Shell steps up commitment to sustainable mobility at Michelin Challenge Bibendum Shanghai
Shell today reaffirmed its commitment to achieve sustainable mobility through the development of various alternative sources of energy at the Michelin Challenge Bibendum conference held in Shanghai, China.
Speaking to more than 3,000 delegates at the Michelin Challenge Bibendum conference, Mr. Pirret outlined the Shell strategy to enable more sustainable transport through three avenues: partnership with Original Equipment Manufacturers (OEM); developing fuels, lubricants and other products that can deliver cleaner, more energy-efficient transport; and working with consumers to help them improve their vehicle fuel efficiency.
Mr. David Pirret, Executive Vice President, Lubricants, Shell International Petroleum Company Ltd. Said, “At Shell we have long recognized the conflict between the need for mobility and the toll it is taking on our planet. We believe to resolve it, we must all face up to the truth that while demand for energy is growing at an increasingly rapid rate, access to conventional oil supplies is declining and there is an increasing need to keep energy-related carbon dioxide (CO2) emission at acceptable levels.”
Creating OEM Partnerships
With partners such as Renault-Nissan, Volkswagen and Mercedes, Shell has been developing advanced lubricants to meet OEMs’ specific requirements. One result of the OEM partnership is the development of LowSAPs, or low sulphated ash, phosphorous and sulphur lubricants that can optimize the efficiency of the engines’ after-treatment systems.
In China, Shell has built partnerships with more than 40 major auto manufacturers, including Volkswagen, Renault-Nissan, Shanghai General Motors, Suzuki and FAW, in an effort to provide the best lubricant and fuels products and services to Chinese consumers.
Leading the Market for Better Fuel Economy
At the same time, Shell is also committed to helping motorists change their driving habits to improve fuel economy, and ultimately reduce the demand for energy.

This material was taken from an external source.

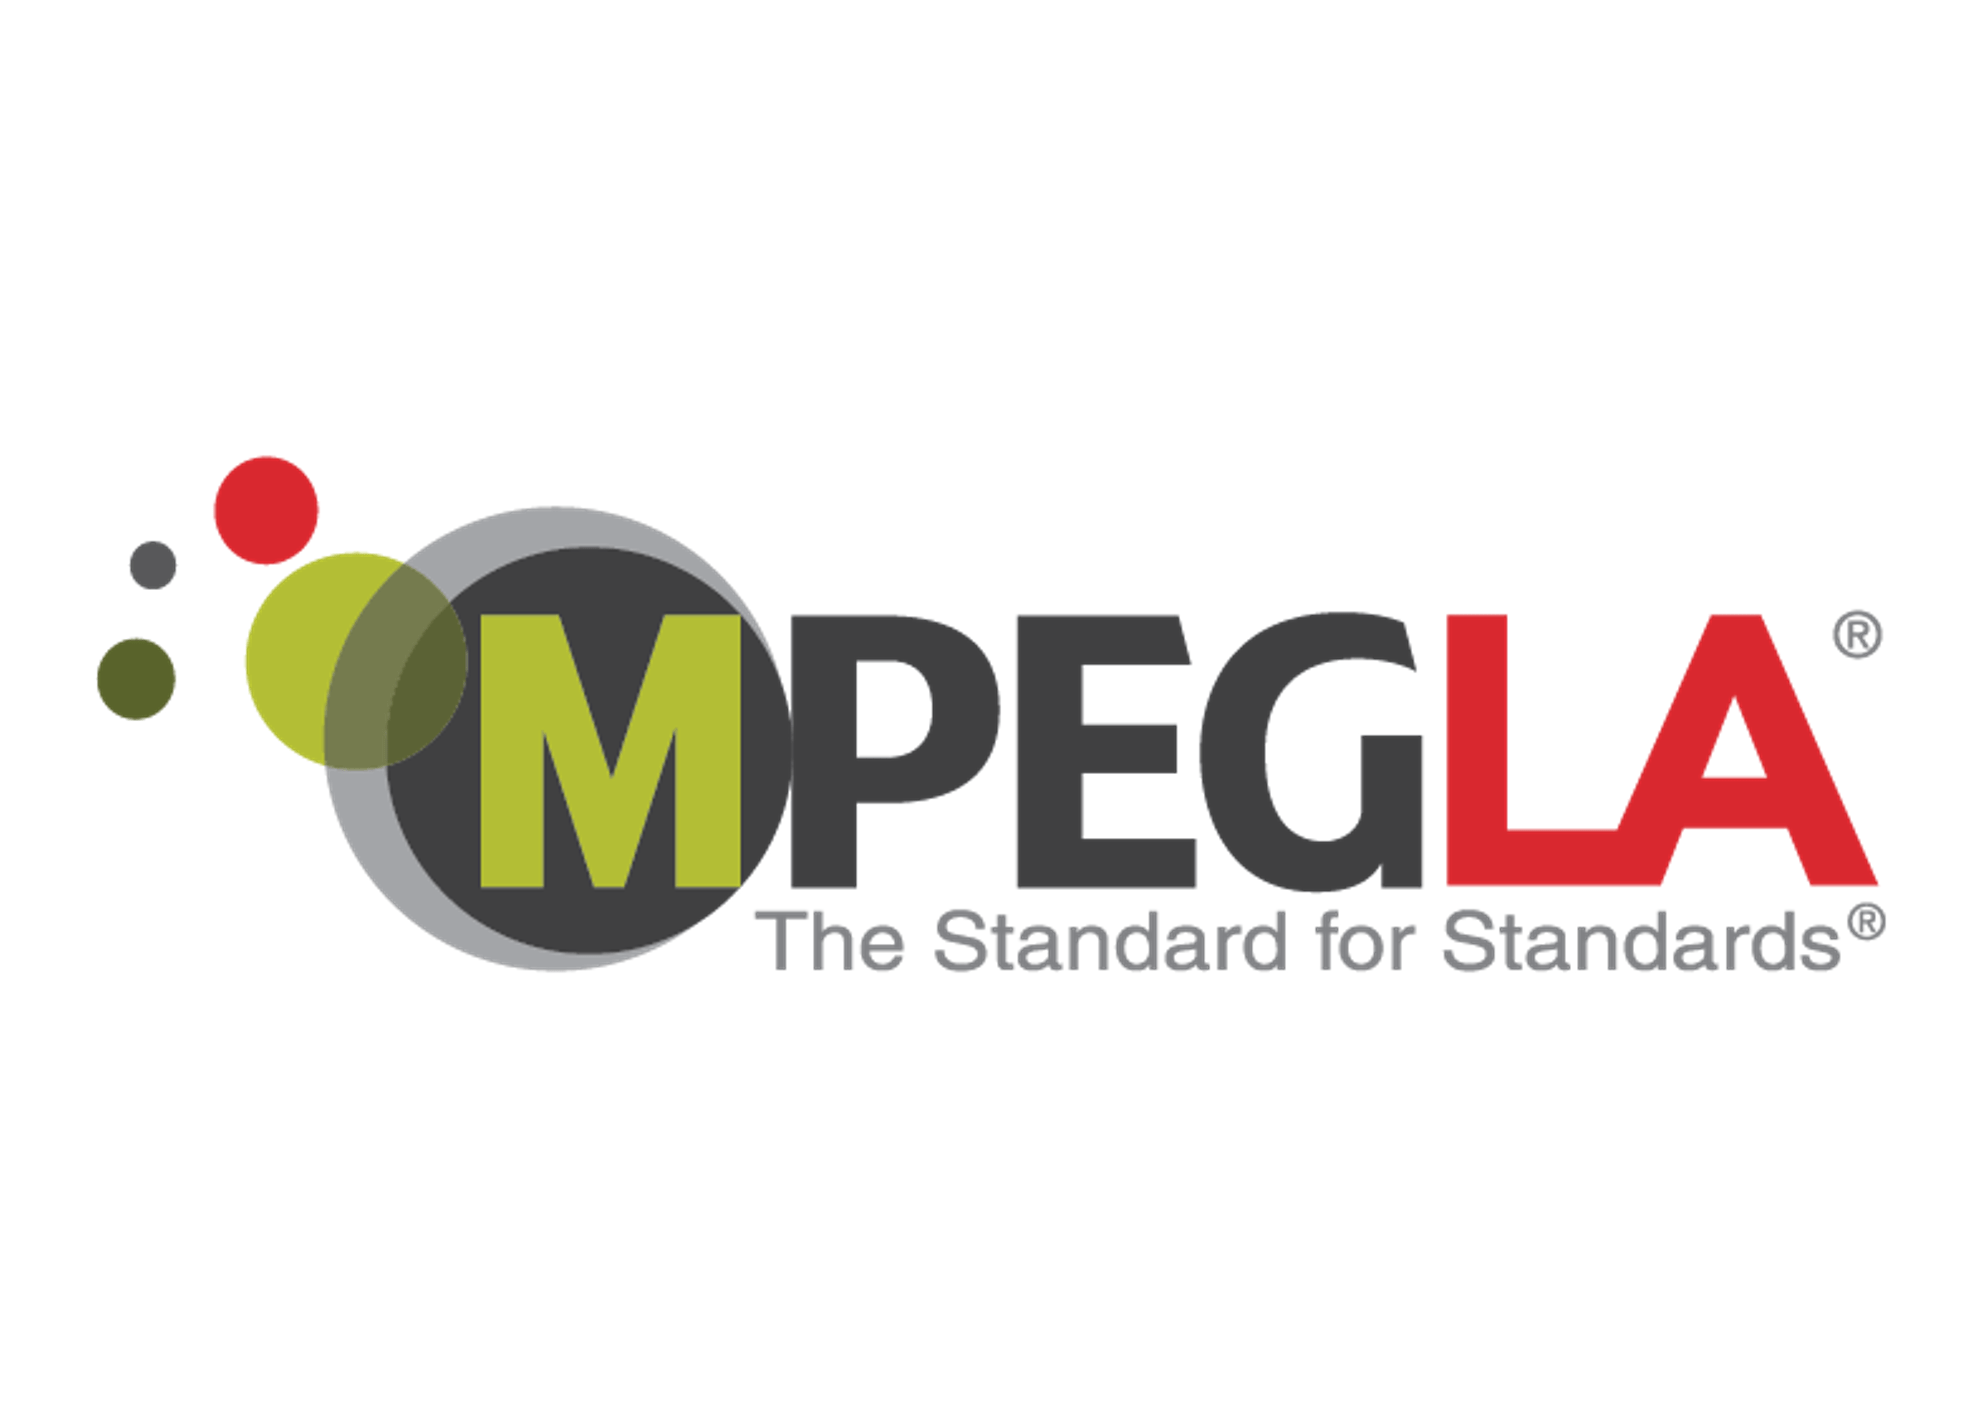 MPEG LA’s EV Charging License Facilitates Worldwide Transition to Electrified Transportation

In a survey of 3000 people conducted by Shell in 11 countries, only 40 percent of those surveyed have made attempts to improve the fuel economy of their cars.
In China, formula Nemo, which is designed to clean and protect the engine, is added to every litre of fuel sold at Shell retail stations.
Sourcing for Alternative Fuels
To ensure that there is a steady supply of fuel for future generations and to reduce CO2 emissions, Shell is continuously looking for better ways to extract oil from unconventional sources like sand and shale, and develop alternative fuel sources.
Gas-to-liquid Fuel, or GTL is one example of an alternative fuel source that Shell is developing. GTL Fuels can be delivered using existing fuel infrastructure and can be used in conventional diesel engines without the need for modification. Shell expects that it will become the first company to produce GTL Fuels and lubricants on a large commercial scale with its plant in Qatar at the end of the decade.
We have concluded a six-month trial of Shell synthetic GTL Fuel, on Shanghai’s Euro II standard buses. Test results of the engine emissions by the State Vehicle Test Centre showed that Shell GTL Fuel can reduce particles matters by 35%, NOx by 15%, CO by 13% and CO2 by 4% compared with conventional Euro II diesel. It demonstrates that GTL is a good alternative fuel for mega cities’ public transport.
Shell is also exploring and developing second-generation biofuels. Produced from agriculture waste and materials containing cellulose, second generation biofuels do not depend on food crops and thus resolves the dilemma of burning food for fuel. Only last week, Shell announced an agreement with Codexis Inc. to develop new super enzymes to convert biomass to fuel in a five-year research collaboration project. The research focuses on adapting enzymes to improve the conversion of a range of raw materials into high-performance fuels. At the same time, Shell is working with Iogen in Canada and CHOREN Industries in Germany to develop a full-scale commercial plant and the world’s first demonstration plant respectively. The demonstration plant is expected to come on line this year.
The third fuel source that Shell is developing is hydrogen. Shell has recently partnered with General Motors to understand the challenge of producing, distributing and using hydrogen to power cars of the future.
Today, we have officially opened the first Hydrogen station in Shanghai. It will provide compressed gaseous hydrogen for a fleet of fuel cell cars and buses operating in the Shanghai region. Hydrogen fuel cell vehicles (FCV) have the potential to dramatically reduce CO2 emissions. Emissions from FCV tailpipes are almost zero, significantly contributing to improved local air quality.
“The biggest challenge we face is the effect of CO2 emissions on climate change. While the alternative fuels that Shell is developing can contribute to lower CO2 emissions, making sustainable mobility a reality will require not only individual efforts, but also a collective integrated approach – a partnership of all stakeholders, from companies and governments, to the everyday motorist,” said Mr. Pirret.